Use findspark lib to bypass all environment setting up process. Here is the link for more information. https://github.com/minrk/findspark

Use it as below.

import findspark
findspark.init('/path_to_spark/spark-x.x.x-bin-hadoopx.x')
from pyspark.sql import SparkSession
kay
  • 76
  • 1
  • 3
2

I tried the following command in Windows to link pyspark on jupyter.

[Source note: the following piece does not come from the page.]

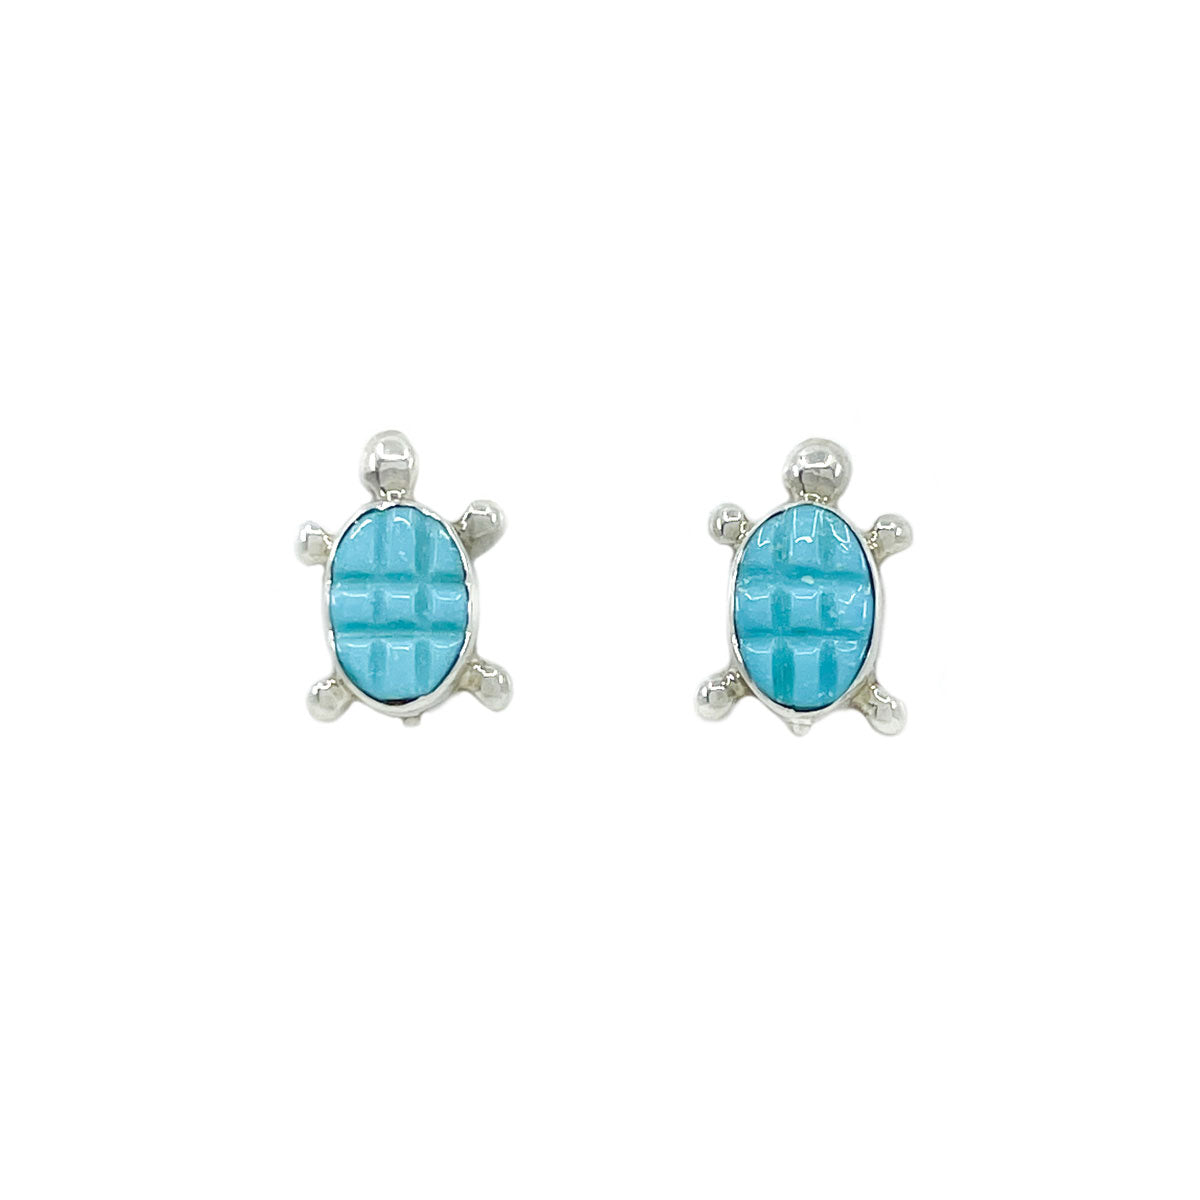 Small carved Sleeping Beauty Mine turquoise turtle stud earrings in sterling silver setting By Falena and Verona Malie Measures approx. 3/8 of and inch wide by .50 inches long

On *nix, use export instead of set

Type below code in CMD/Command Prompt

set PYSPARK_DRIVER_PYTHON=ipython
set PYSPARK_DRIVER_PYTHON_OPTS=notebook
pyspark
OneCricketeer
  • 179,855
  • 19
  • 132
  • 245
furianpandit
  • 161
  • 7
1

Just you need to add:

import os

os.environ['PYSPARK_SUBMIT_ARGS'] = 'pyspark-shell'

After that, you can work with Pyspark normally.

Eric Bellet
  • 1,732
  • 5
  • 22
  • 40
0

using:

  • ubuntu 16.04 lts
  • spark-2.2.0-bin-hadoop2.7
  • anaconda Anaconda3 4.4.0 (python3)

added the following to .bashrc (adjust your SPARK_HOME path accordingly):

export SPARK_HOME=/home/gps/spark/spark-2.2.0-bin-hadoop2.7
export PATH=$SPARK_HOME/bin:$PATH
export PYSPARK_DRIVER_PYTHON=jupyter
export PYSPARK_DRIVER_PYTHON_OPTS='notebook'

then in a terminal window run (adjust path accordingly):

$ /home/gps/spark/spark-2.2.0-bin-hadoop2.7/bin/pyspark 

this will start Jupyter Notebook with pyspark enabled

Grant Shannon
  • 4,709
  • 1
  • 46
  • 36
  • Setting `PYSPARK_DRIVER_PYTHON` to `ipython` or `jupyter` is a really *bad* practice, which can create serious problems downstream (e.g. [when trying `spark-submit`](https://stackoverflow.com/questions/46772280/spark-submit-cant-locate-local-file/46773025#46773025)). – desertnaut Dec 18 '17 at 15:20
0
  1. Create a virtualenv and install pyspark
  2. Then setup kernal

     python -m ipykernel install --user --name your_venv_name --display-name "display_name_in_kernal_list"
    
  3. start notebook

  4. Change kernel using dropdown

        Kernel >> Change Kernel >> list of kernels
    
iammehrabalam
  • 1,285
  • 3
  • 14
  • 25
0

We create a file startjupyter.sh in the path where we have jupyter and keep all environment setting in this file say as stated above

export SPARK_HOME=/home/gps/spark/spark-2.2.0-bin-hadoop2.7
export PATH=$SPARK_HOME/bin:$PATH
export PYSPARK_DRIVER_PYTHON=jupyter
export PYSPARK_DRIVER_PYTHON_OPTS='notebook'

give a path for error and log file also in it. you can also give the port number where you want to execute the notebook. Save the file and execute ./startjupyter.sh Check the Jupyter.err file it will give the token to access the Jupyter notebook online through url.